Liberal Filmmaker Decries David Koch's $100 Million Donation to NY Theater as Attempt to 'Destroy Democracy'

May 19th, 2011 9:04 AM

Liberals endlessly harp on what they perceive as conservatives' greed. What really sticks in their craw is conservatives' generosity.

An example of this occurred on Ed Schultz's radio show Monday with guest Robert Greenwald, a filmmaker specializing in left-wing agitprop at an outfit he modestly calls Brave New Films.

Greenwald was describing a website he recently created, Koch Brothers Exposed, about energy magnates David and Charles Koch. The site includes a video of protesters outside a Lincoln Center theater named after David Koch when he pledged $100 million for badly-needed renovations three years ago. The demonstrators staged a "renaming ceremony" demanding the theater shed Koch from its name.

Here's Greenwald elaborating on this to Schultz --

GREENWALD: Well, we launched the Koch Brothers Exposed website, Facebook page and Twitter about two months ago when we first started with a video telling people the five worst things the Kochs had done. We got thousands of people responding to that. And then the other night in New York City we had a renaming ceremony. David Koch gave $100 million to call the New York State Theater in his name, David Koch Theater, and we had people out there with signs saying what it really should be called. We have people now on the Facebook and the website voting on what the real name of the theater should be, everything from I Killed The Middle Class, which was one of my favorites, to the Unclean Energy, to I'm Just Not That Into You Democracy. And if you go to the Koch Brothers Exposed website or Facebook page, you can kind of join.

Now there's obviously satire there, Ed, but there's an important point behind it. And the important point is that these are, as you know and as a lot of your listeners know, they're giving hundreds of millions of dollars to destroy democracy, to buy their ideology, and to literally propagandize people. And it's very important that we use all the possible tools to educate people, to inform them, and to satirize what they're doing and how they're doing it.

Obviously there's satire involved here, Ed, and just as obviously it could not be more churlish. I noticed in the "renaming ceremony" video at Koch Brothers Exposed that none of the protesters demanded the theater return the donation from Koch. Then again, why would they? Far better to reap the benefits of that donation while also maligning of a man whose politics they abhor. In other words, liberalism in a nutshell.

Greenwald then quickly glossed over Koch's philanthrophic generosity over the years and suggested Koch is motivated by little more than playing political puppet-master on the right --

SCHULTZ: Pretty amazing what's going on. They must have someone who's organizing all of this in a team of people who are really watchdogs on issues and candidates in what we would call problem spots for them. How, I mean, I can't believe that the Koch brothers would be sitting down watching the cables every night and looking at all the websites, hey listen (in guise of Kochs' voices), we gotta throw two million over here! Well, we gotta throw another three, four, oh holy smokes, this guy polled well over in this state! Throw $5 million at this thing! How do they function? What do they do?

GREENWALD: Well, they're actually very smart about their giving and very deep about their giving. First, they fund ideas through the think tanks. Then they fund people to take those ideas and go on television and cable to talk about it. Then they fund activist groups to take those ideas and work them. And then finally, they fund the elected officials. But they don't focus on the elected officials 'cause they're much smarter than that. They know that elected officials, in their words, read from a script.
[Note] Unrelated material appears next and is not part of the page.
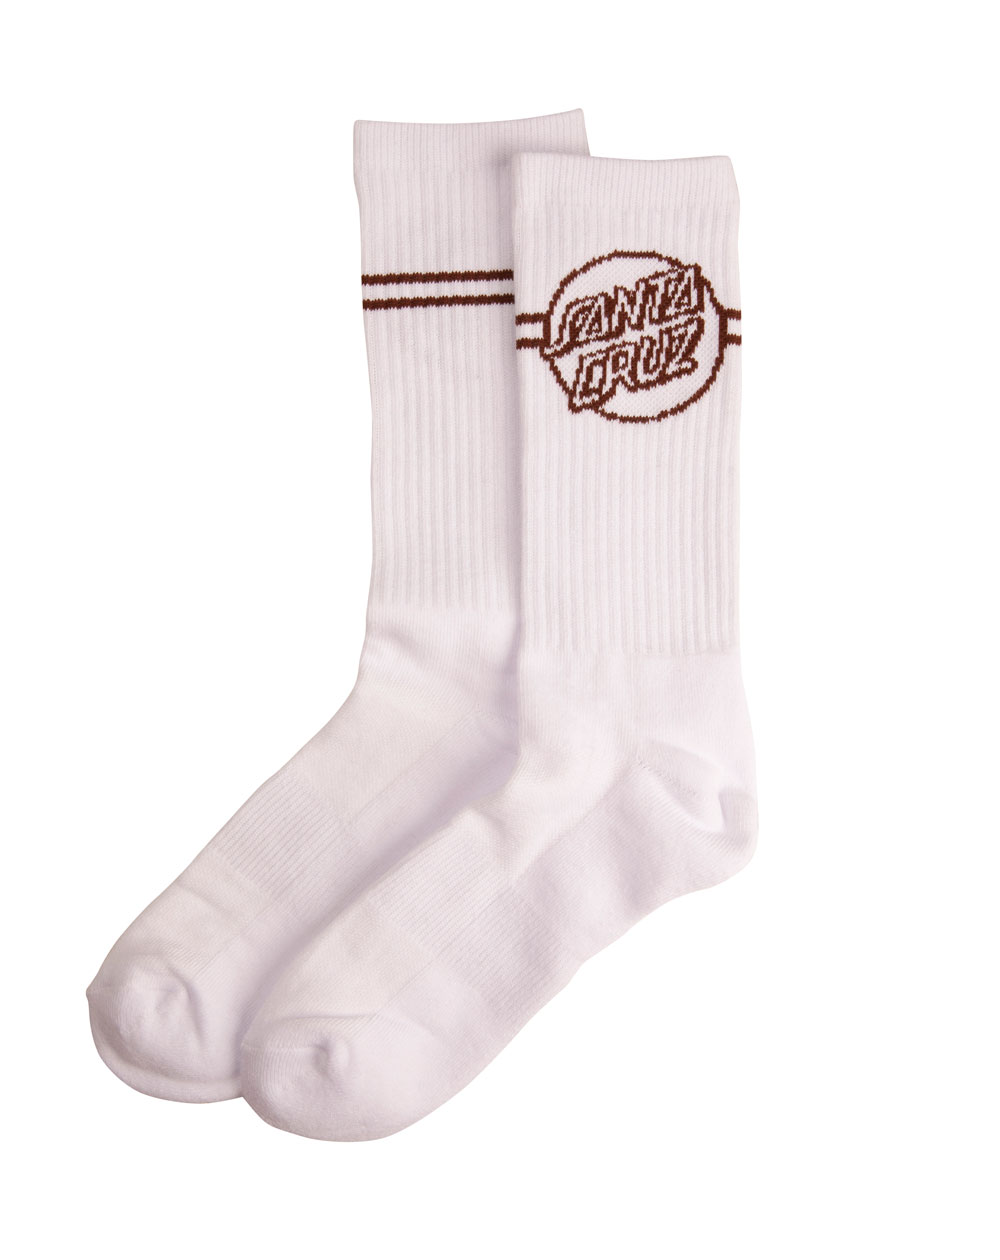 Santa Cruz Men's Socks Opus Dot Stripe White/Sepia
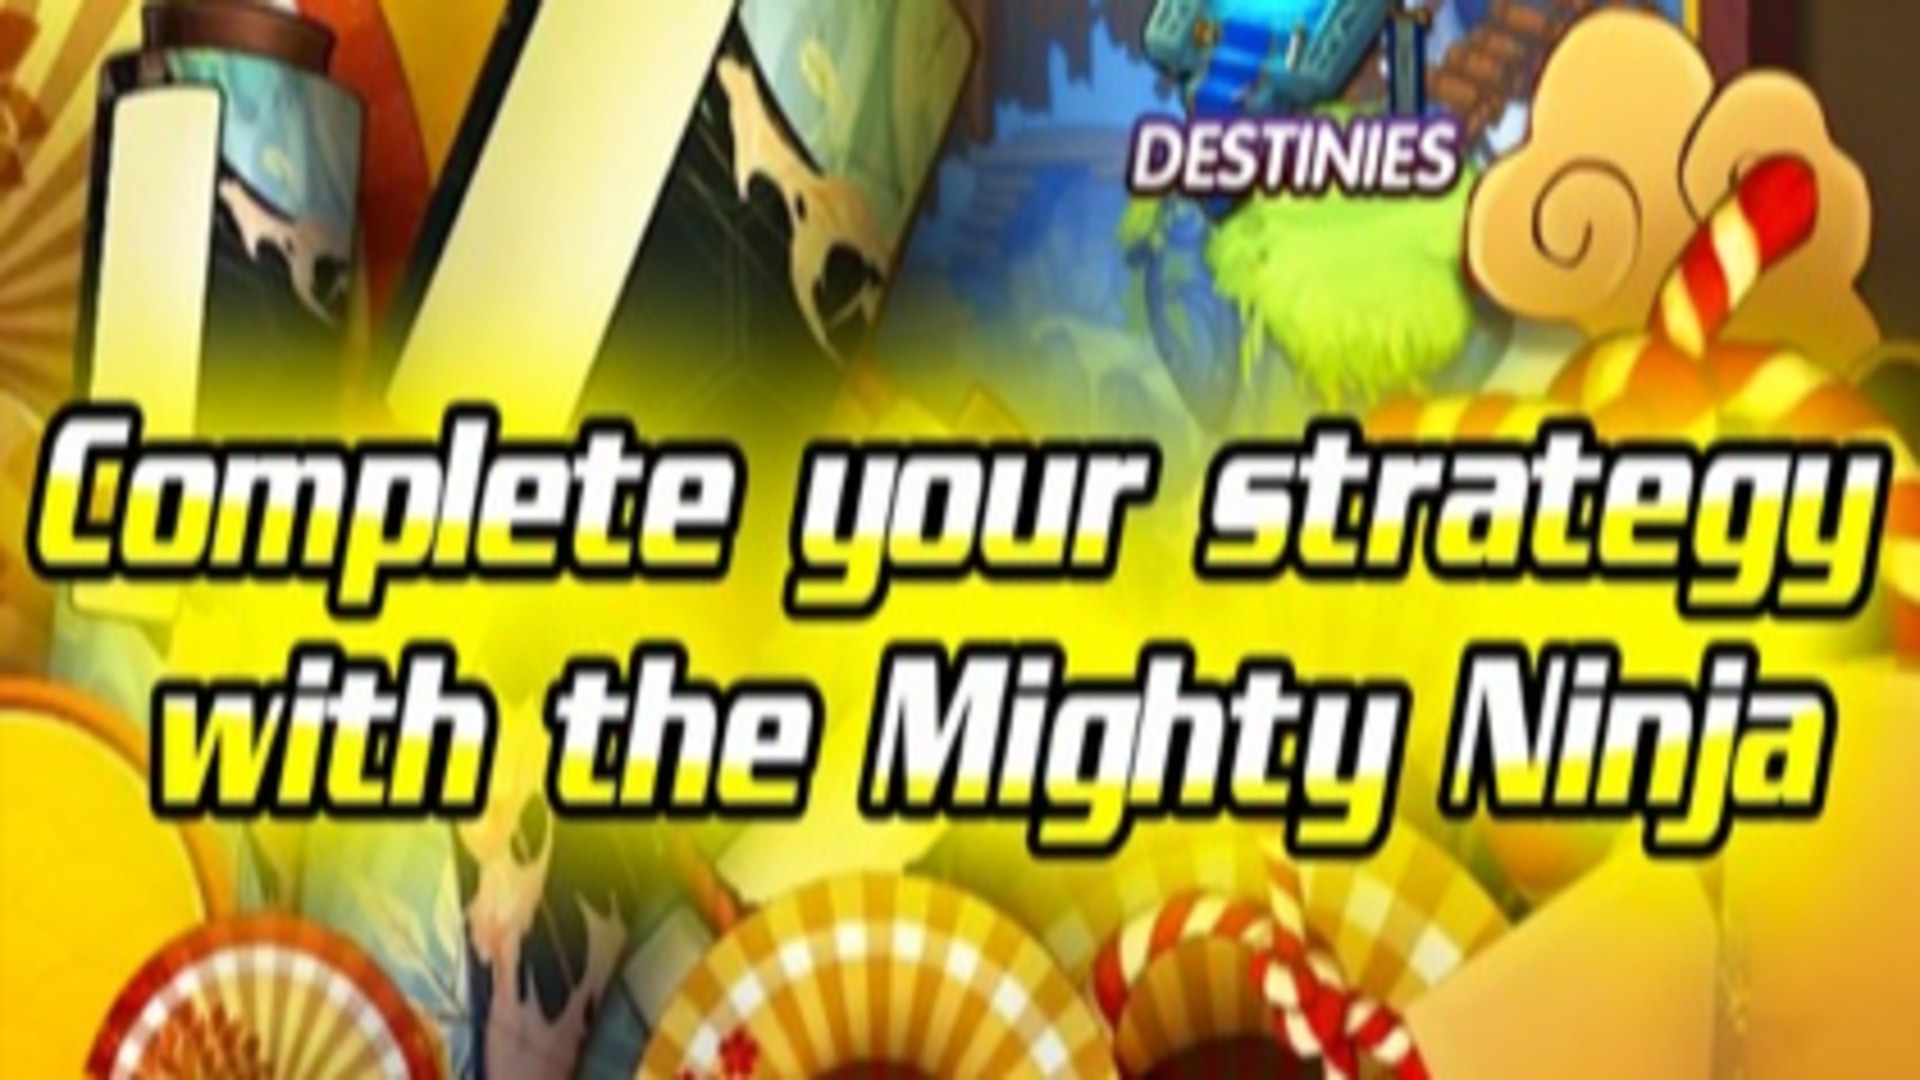 Chaos and Peace Mighty Ninja text

What they want to be able to do is write the script for the elected officials (to) read from.

Greenwald gets to "and then finally" and leaves out what is most awkward for him on this -- the Kochs have donated far more to cultural endeavors,  education and medical research than they have to bolster their politics.

In a September 2010 Politics Daily column, Matt Lewis wrote --

To be sure, the Kochs have given "more than a hundred million dollars to right wing causes" (which is their right, by the way). [blogger's note -- Lewis was quoting from a New Yorker profile of the Kochs by Jane Mayer]. But in the last decade, it's also worth noting the Kochs have given more than $600 million (emphasis in original) in pledged or donated money to arts, education, and medical research, including (but not limited to):

-- New York-Presbyterian Hospital Weill Cornell: $15 million

-- M.D. Anderson Cancer Center: $25 million

-- The Hospital for Special Surgery: $26 million

-- Memorial Sloan-Kettering Cancer Center: $30 million

-- Prostate Cancer Foundation: $41 million

-- Deerfield Academy: $68 million

-- Lincoln Center's NY State Theater: $100 million

-- Massachusetts Institute of Technology: $139 million

When liberals redistribute wealth through confiscatory taxation, they call it democracy. When conservatives donate their wealth, liberals call it destroying democracy.

The Lincoln Center theater isn't the only recipient of David Koch's philanthropy that bears his name -- so do the David H. Koch Institute for Integrative Cancer Research at MIT and the David H. Koch Cancer Research Building at Johns Hopkins. Something tells me, though, that Greenwald and his pinched, resentful cohorts won't be staging renaming ceremonies at either location.